2、JEV NS4A蛋白编码基因重组质粒转染CHO细胞免疫荧光鉴定
转染pJNS4A的CHO细胞可见存在较显著绿色荧光标记,主要分布在胞膜。在正常CHO细胞及转染空质粒的CHO细胞中未见特异性绿色荧光标记,仅见散在的非特异性绿色荧光杂质。
结论
1、构建的重组子pJNS4A含有JEV NS4A编码基因。
2、转染了重组子pJNS4A的CHO细胞能够稳定表达JEV NS4A,其主要分布在胞膜。
The recombinant plasmid pJNS4A was constructed by RT-PCR method. The plasmid was transfected into China hamster ovary(CHO) by Lipofectamine 2000. The coding protein expression and distribution was detected by immunoflurescence.

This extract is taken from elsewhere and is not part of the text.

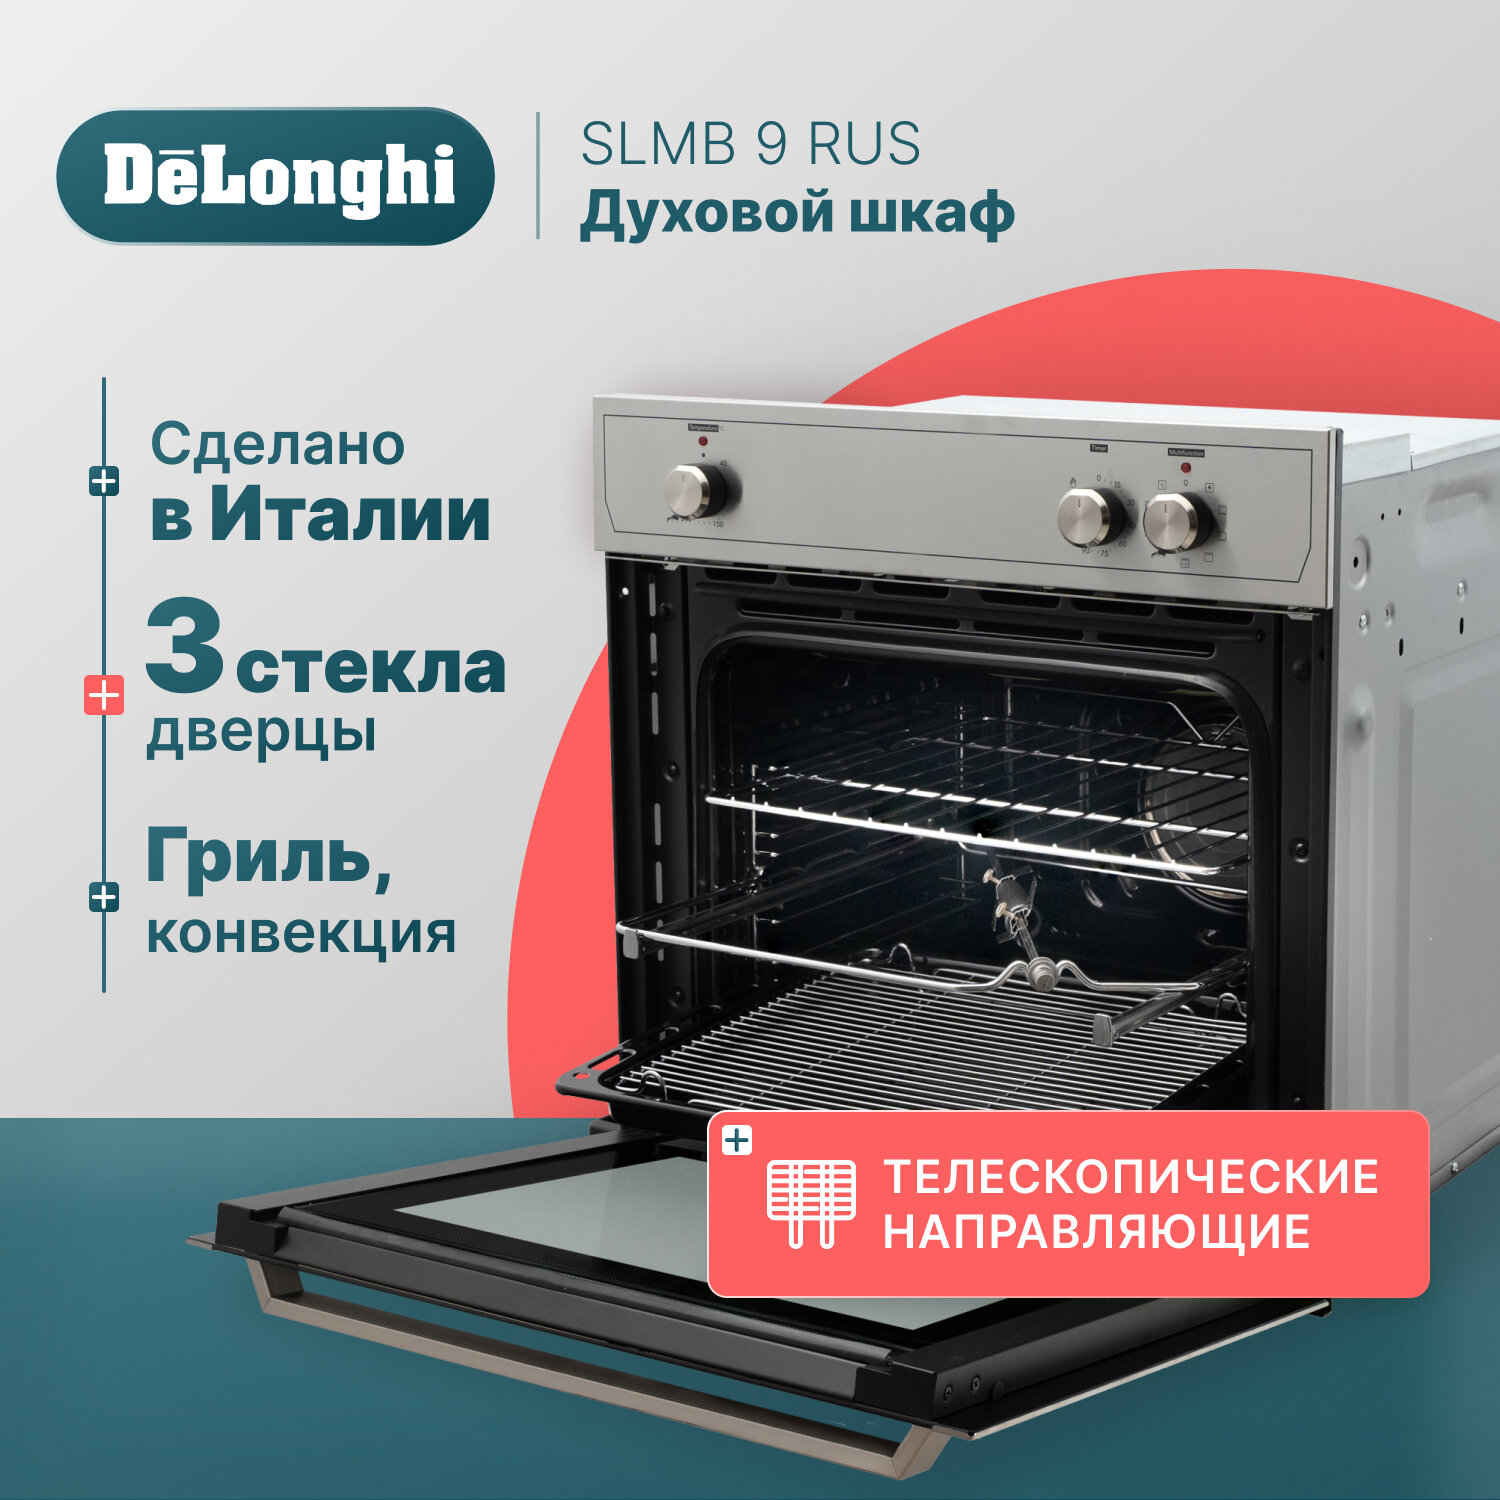 Многофункциональный электрический духовой шкаф DeLonghi SLMB 9 RUS, 60 см, серебристый, 9 режимов работы, гриль + конвекция, вертел

This study will lay the foundation for the interaction between no-structural proteins of Japanese encephalitis virus(JEV), and virus virulence.
Materials and Methods
1. Materials
(1) Cells, plasmids and strains
Chinese hamster ovary cells were purchased from shanghai cell bank of chinese academy of science and grown at 37℃in Dulbecco'modified eagle medium(D-MEM) supplemented with 10% fatal calf serum(FCS) and 5%CO2.BALB/c mice were purchased from shanghai animal center of chinese academy of science.The recombinant with gene encoding pJNS4A was constructed by us before and named pJNS4A, eukaryotic expression vector pcDNA3.1(+) was purchased from Invitrogen company, which was used for construction of fusion gene encoding JEV NS4A protein.Escherichia coli JM109 and DH5a were purchased from Takara company and were used for construction and transformation of recombinant plasmid.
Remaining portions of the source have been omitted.